SyncMediaLite caveats

Last updated Tue Oct 01 2024

Caveats when going from EPUB Media Overlays to SyncMediaLite

When adopting a more modern synchronization strategy, as described in SyncMediaLite, some adaptation is required. It may be that existing .smil files have to be transformed into .vtt files before being distributed to a system that expects .vtt. Or the user agent may be loading .smil files and internally transforming them to TextTrackCues so as to avoid writing a SMIL engine.

In any case where EPUB Media Overlays need to be transformed to work in a WebVTT-based playback scenario, there are some differences to be aware of.

Multiple audio files.

It's theoretically permitted in EPUB Media Overlays to have sync points in the same SMIL file referencing different audio files (in practice this isn't common).

Non-contiguous audio segments.

Say we have an audio file of someone saying "Three one two". Our HTML text, though, says "1 2 3". Theoretically, SMIL can handle this, though it's worth mentioning that this type of content is not commonly found:

<par>
    <audio src="audio.mp3" clipBegin="1s" clipEnd="2s"/>
    <text src="file.html#one"/>
</par>
<par>
    <audio src="audio.mp3" clipBegin="2s" clipEnd="3s"/>
    <text src="file.html#two"/>
</par>
<par>
    <audio src="audio.mp3" clipBegin="0s" clipEnd="1s"/>
    <text src="file.html#three"/>
</par>

You would see the highlight and audio start with "1" and proceed to "2", then "3", since each <par> indicates what portion of audio to render.

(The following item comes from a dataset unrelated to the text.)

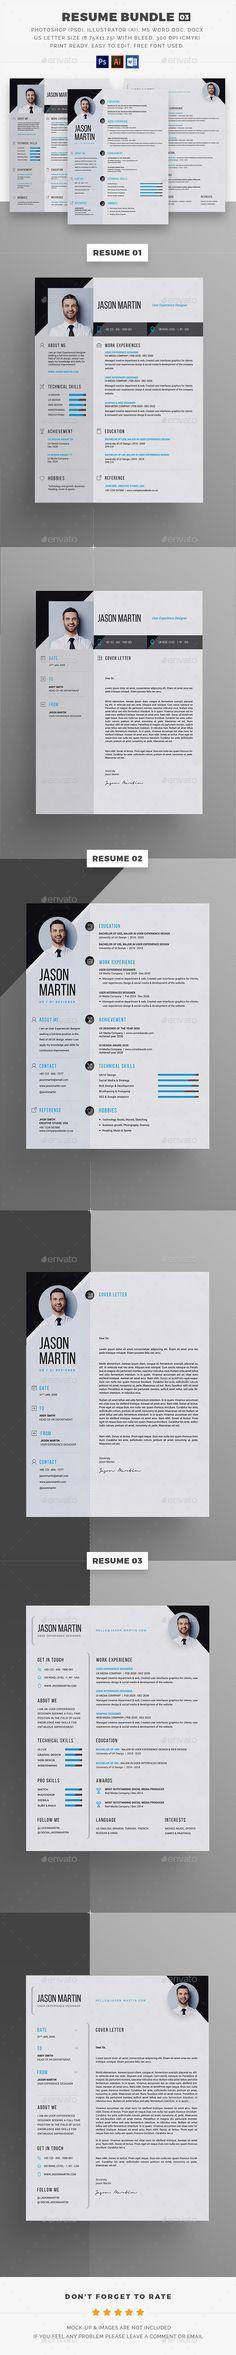 Modern-CV - Personal Resume Template Pinterest Resume cv, Psd
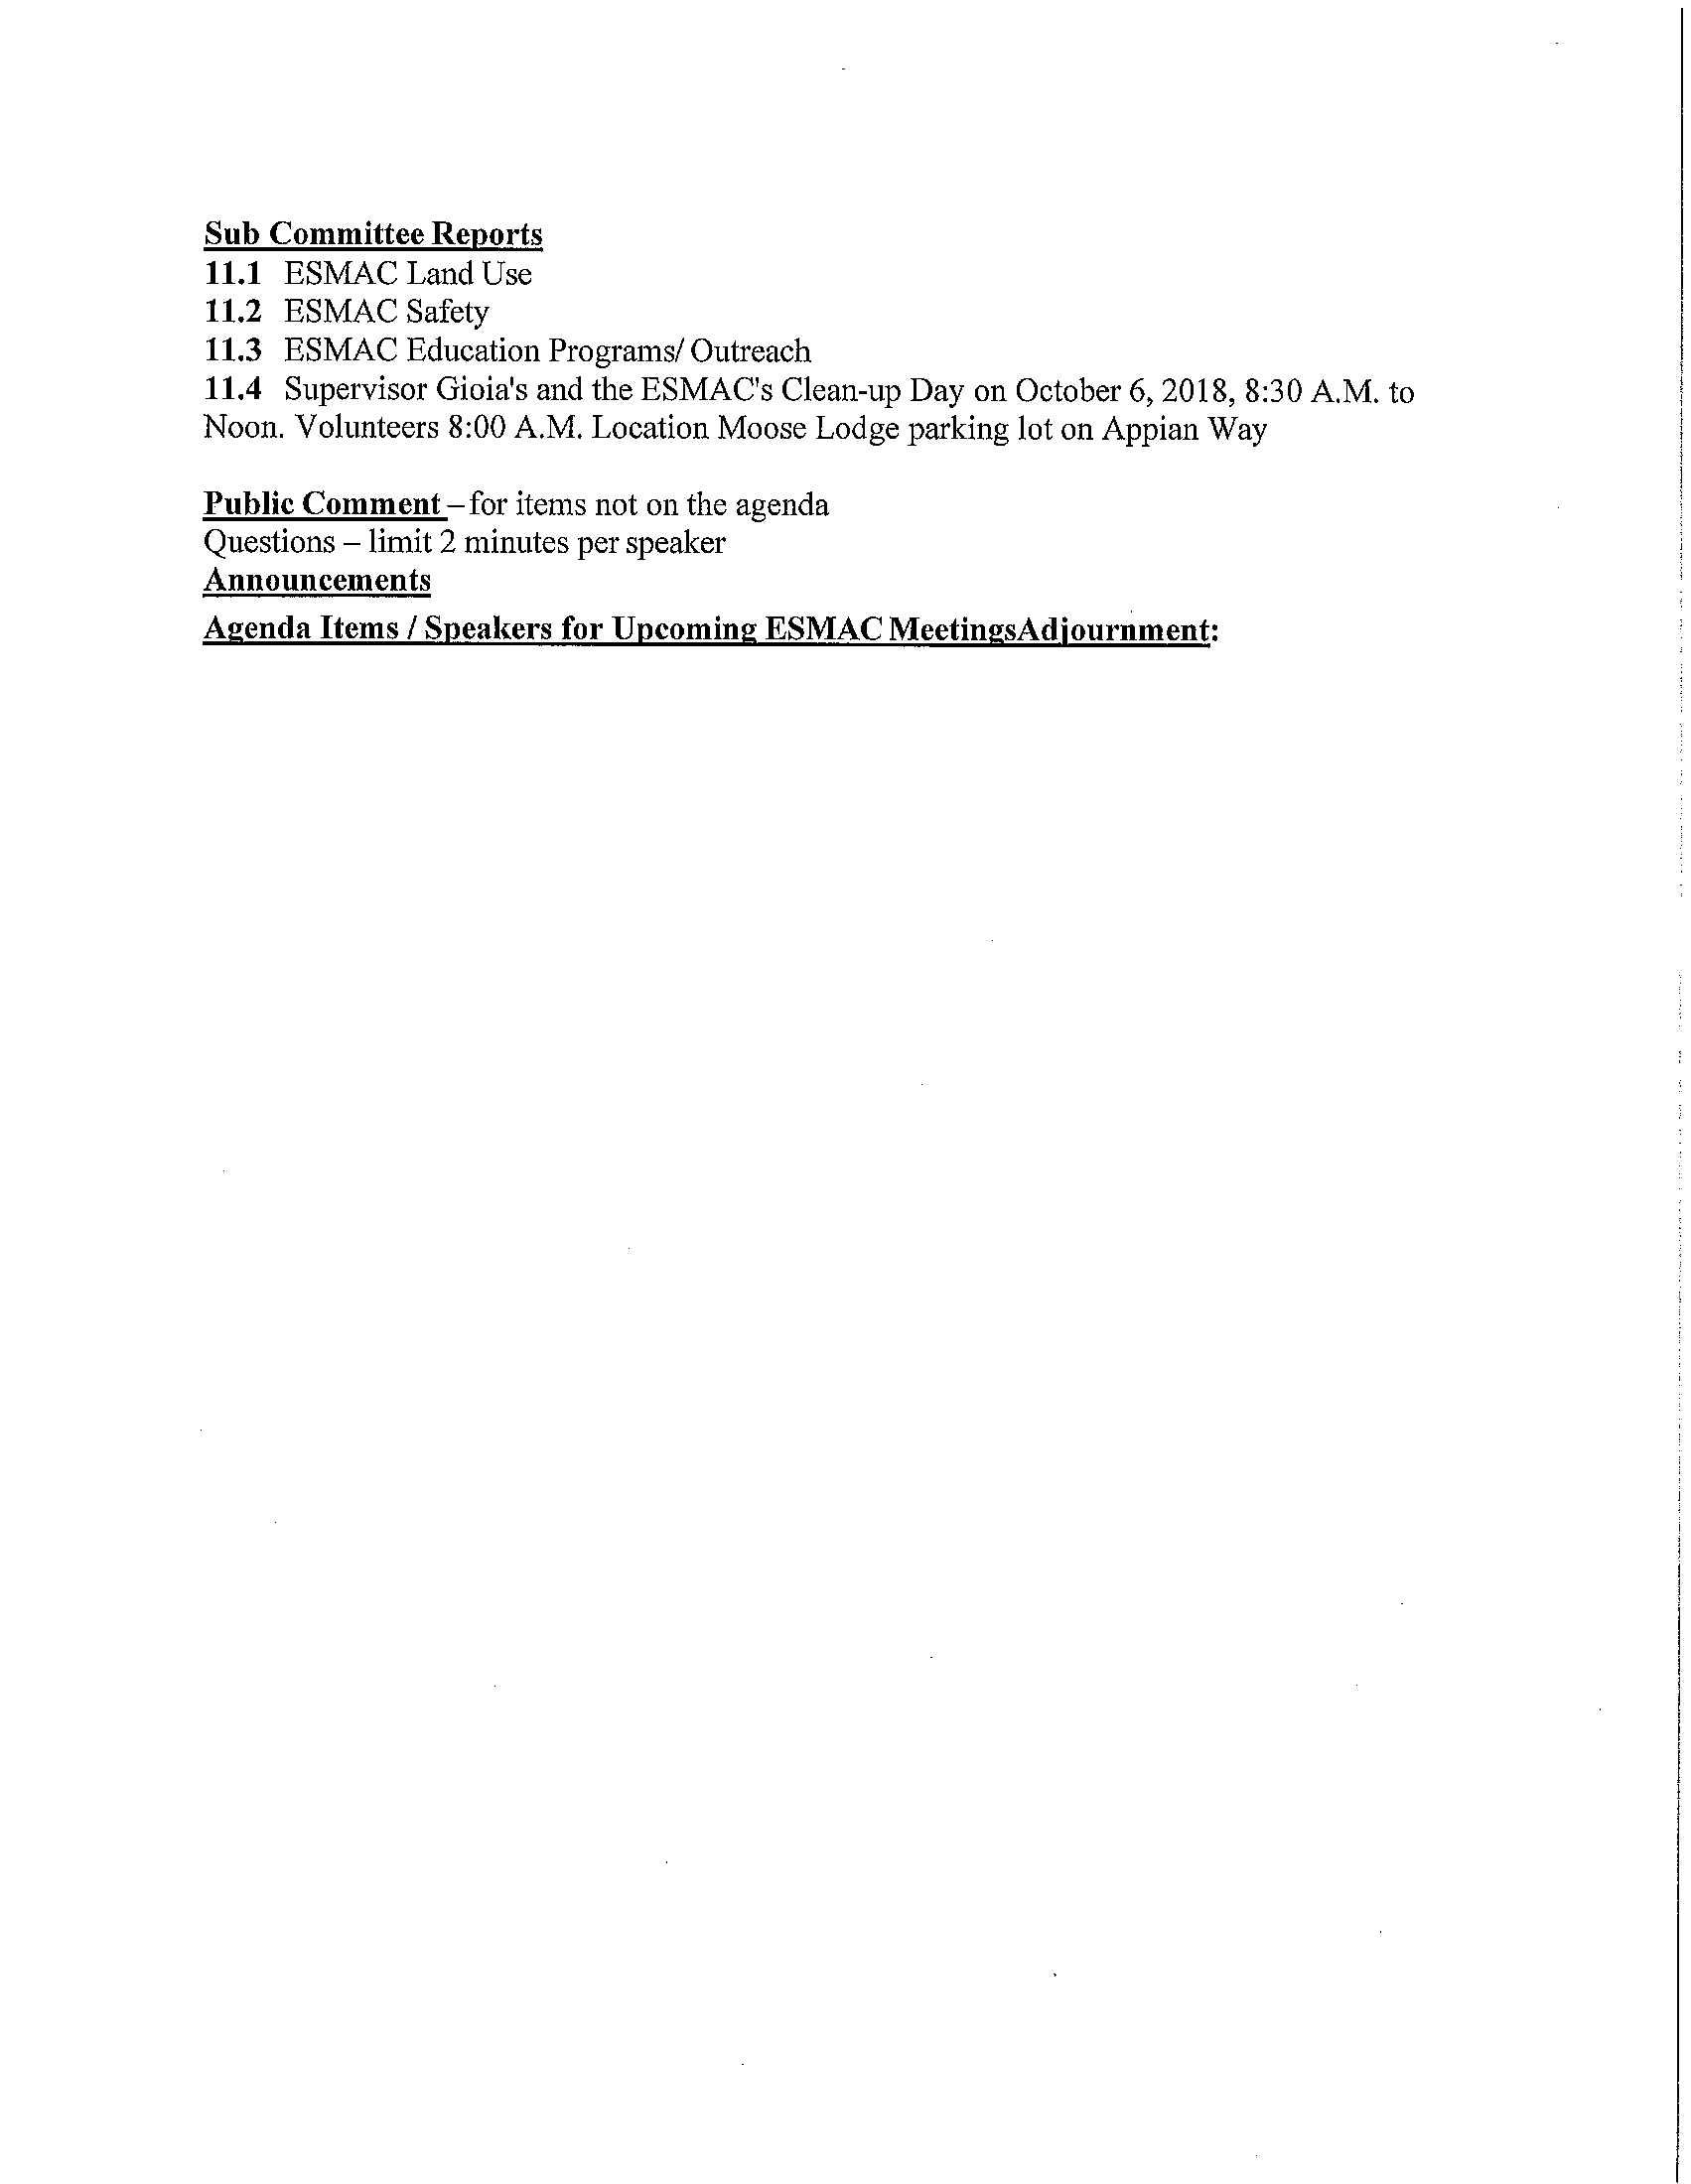 ESMAC Agenda 10.10.2018 (32 Pages)_3.jpg

Now if you try to represent this in WebVTT, you would get:

10
00:00:01.000 --> 00:00:02.000
{"selector":{"type": "FragmentSelector", "value": "one"}}

20
00:00:02.000 --> 00:00:03.000
{"selector":{"type": "FragmentSelector", "value": "two"}}

30
00:00:00.000 --> 00:00:01.000
{"selector":{"type": "FragmentSelector", "value": "three"}}

But you would hear and see highlighted "3", followed by "1", then "2", since the audio playback is only based on the audio file, from start to end.

Solutions

In both cases, resolving the difference requires either additional special handling by the user agent, or audio file reformulation by the producer.